While this is the first report of PD-1 expression levels evaluated in the context of RSV vaccine-induced ERD, the relationship of reduced levels of PD-1 and enhanced pulmonary pathology could also be corroborated by findings from the mouse model of severe RSV infection. Specifically, following high dose of RSV infection, exacerbated pulmonary inflammatory response was characterized with over production of pro-inflammatory cytokines and increased infiltration of inflammatory cells similar to that of vaccine-induced ERD56,57,58, while blockade of PD1-PD-L1 pathways at the time of T cell infiltration into the lungs resulted in augmentation of pulmonary inflammation and tissue injury with minimal effects on viral clearance22. Indeed, the engagement of PD-1 with inflammatory DC-derived PD-L1 is crucial for regulation of pro-inflammatory cytokine release by effector CD4 and CD8 T cells, resulting in control of effector T cell activities in the lungs. In addition, they showed that blocking PD-L1 following RSV infection enhanced weight loss and lung histopathology in mice22,59. Taken together, our observations are in good agreement with severe RSV infection in the murine model where low levels of PD-1 induction accompany enhanced respiratory disease.
In short, the gene encoding crPD-1 is 858 bp in length encoding 285 amino acids followed by a stop codon and 1027 bp 3′ un-translated region. The protein shares homology of 82–88% with other small rodents and 59% with its human counterpart. Functional characterization revealed that the crPD-1 protein bound to its ligand expressed on dendritic cells and effectively suppressed IL-6 and TNF-α secretion. Moreover, PD-1 gene expression was substantially downregulated in the lung tissues of the cotton rats with ERD, suggesting its possible involvement in exacerbated pulmonary inflammation in the diseased animals. The availability of the PD-1 gene and protein could facilitate future studies of vaccine-induced protection or -associated disease enhancement in addition to other immunological investigations in the cotton rat model.

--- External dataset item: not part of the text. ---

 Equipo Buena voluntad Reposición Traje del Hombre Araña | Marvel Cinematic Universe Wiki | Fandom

Animals and ethics statement
Six to seven week old cotton rats were obtained from Envigo, Somerset, N.J., USA. All animal experiments were reviewed and approved by Institutional Animal Care and Use Committee of Health Canada and were conducted in accordance with Institutional Animal Care and Use Committee of Health Canada guidelines and regulations.
Cells, viruses and vaccines
293 T (ATCC: CRL-3216) were grown in Dulbecco’s Modified Eagle Medium (DMEM) supplemented with sodium bicarbonate, HEPES, Penicillin, Streptomycin, and 10% FBS.

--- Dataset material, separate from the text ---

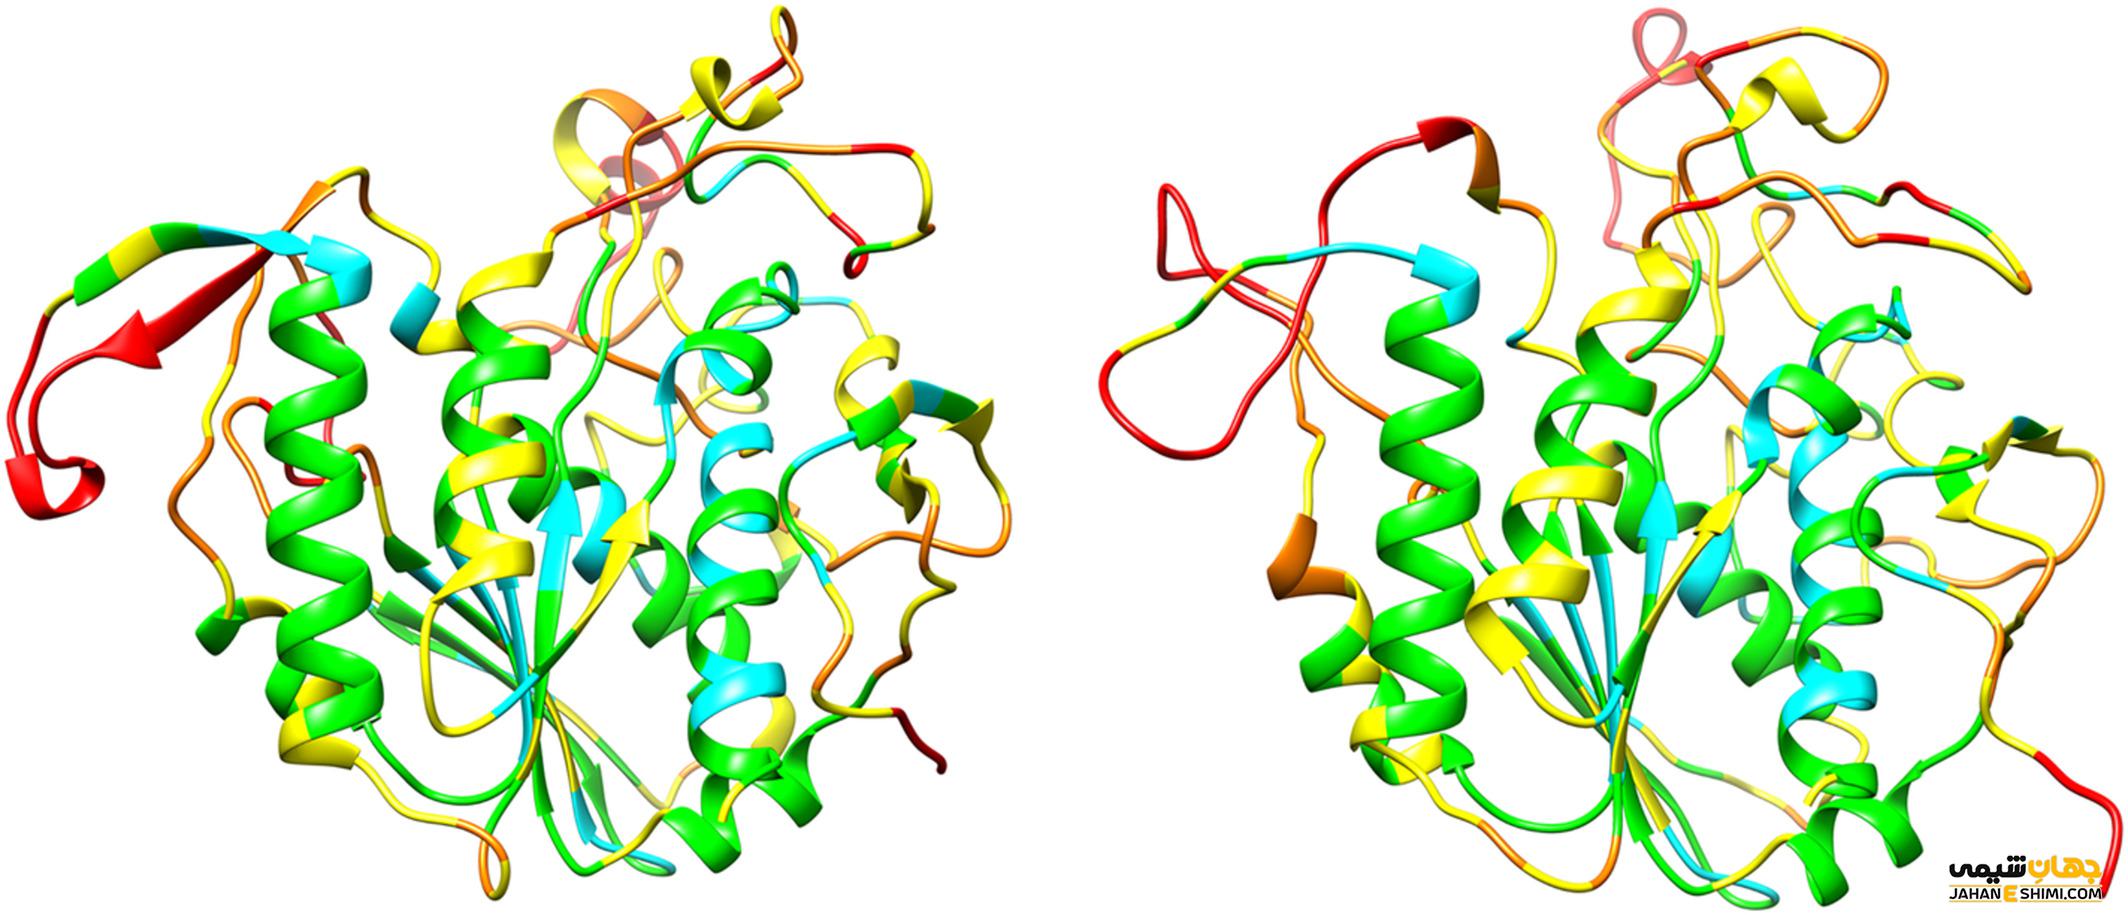 مهندسی پروتئین چیست؟ کاربردهای مهندسی پروتئین

Primary bone marrow derived dendritic cells from C57BL/6 mice were cultured in media from manufacturer (Cell Biologics) supplemented with 10% FBS, 2-mercaptoethanol, L-Glutamine, Penicillin and Streptomycin. HEp-2 (ATCC: CCL-23) were grown in DMEM supplemented with sodium bicarbonate, Glutamax, HEPES, Penicillin, Streptomycin, and 10% FBS.

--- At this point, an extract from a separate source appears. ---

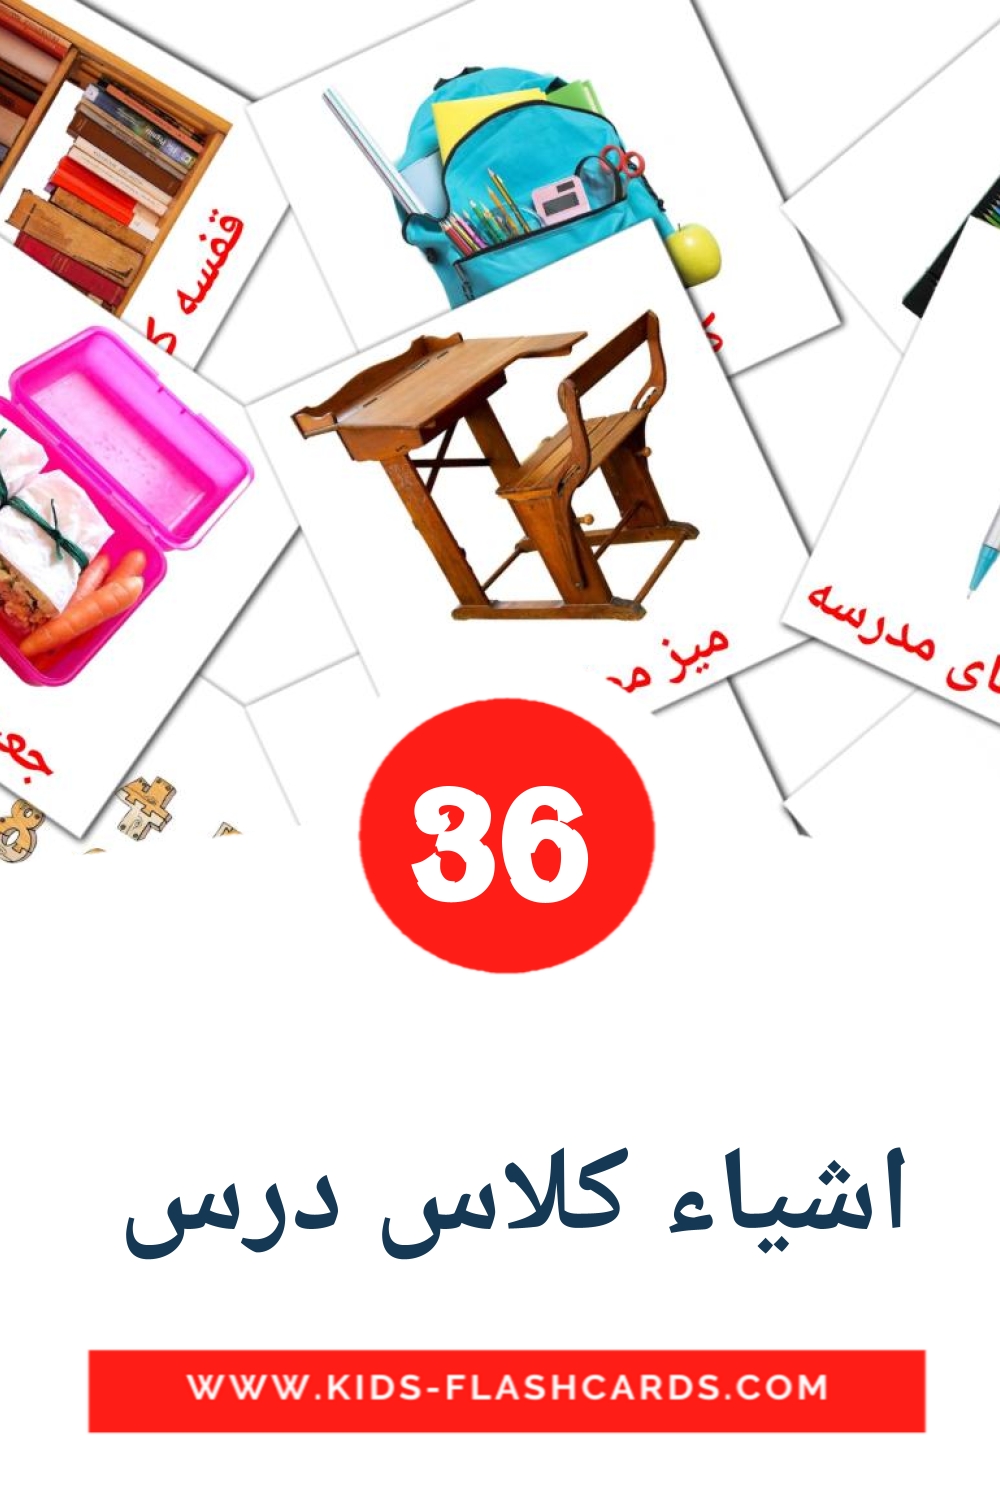 36 carte illustrate di اشیاء کلاس درس  per la scuola materna in persiano

RSV-A2 (ATCC: VR-1540) was grown in HEp-2 cells according to supplier’s instructions and sucrose-purified for animal studies. FI-RSV was prepared with the RSV-A2 strain in HEp-2 cells as described elsewhere60. FI-Mock was made with uninfected HEp-2 cells using the same procedure as FI-RSV.
Isolation and sequence determination of cotton rat PD-1 cDNA
Total RNA was isolated and 3′ RACE was conducted as previously described49. Briefly, spleens from naïve cotton rats were removed aseptically and frozen. An eighth of the spleens were cut and homogenized with a TissueLyser II (Qiagen). Total RNA was extracted using the RNeasy Mini kit (Qiagen) with on-column DNase digestion according to the manufacturer’s instructions. The 3′ RACE system (Life Technologies) was then used to amplify the 3′ portion of the cotton rat PD-1 from the total RNA according to the user’s manual. Following first strand cDNA synthesis using an oligo dT adapter primer, the 3′ portion of the cotton rat PD-1 mRNA was PCR amplified using the abridged universal amplification primer and consensus sequences derived gene specific primer (5′–GGAGTCCGGTTCTGTGTACCT–3′) at an annealing temperature at 55 °C. The gene specific primer was determined by aligning the PD-1 sequences of Microtus ochragaster (NCBI Reference Sequence: XP_005361412.1), Cricetulus griseus (NCBI Reference Sequence: XP_003499314.1), Mus musculus (NCBI Reference Sequence: NP_032824.1) and Rattus norvegicus (NCBI Reference Sequence: XP_017451871.1). The PCR products obtained were run on a DNA gel and excised using a Qiagen QIAquick Gel Extraction kit as per manufacturer’s procedure. All amplified fragments were sequenced with BigDye Terminator v.3.1 Cycle Sequencing kit (ThermoFisher) using a 3130xl Genetic Analyzer (Applied Biosystems) following amplification in a PTC-200 thermal cycler (MJ Research). Raw sequencing data was edited using 3130xl Genetic Analyzer Data Collection Software v3.0 (Thermo Fisher), and then imported into GeneCodes Sequencher v4.6.1 sequencing analysis software for further editing. The final sequenced contigs were then imported to NCBI BLAST (https://blast.ncbi.nlm.nih.gov/Blast.cgi) to confirm the identity. Reverse primers were designed as fragments of the gene were sequenced until the gene encoding the complete PD-1 protein (determined by aligning against other species) was found.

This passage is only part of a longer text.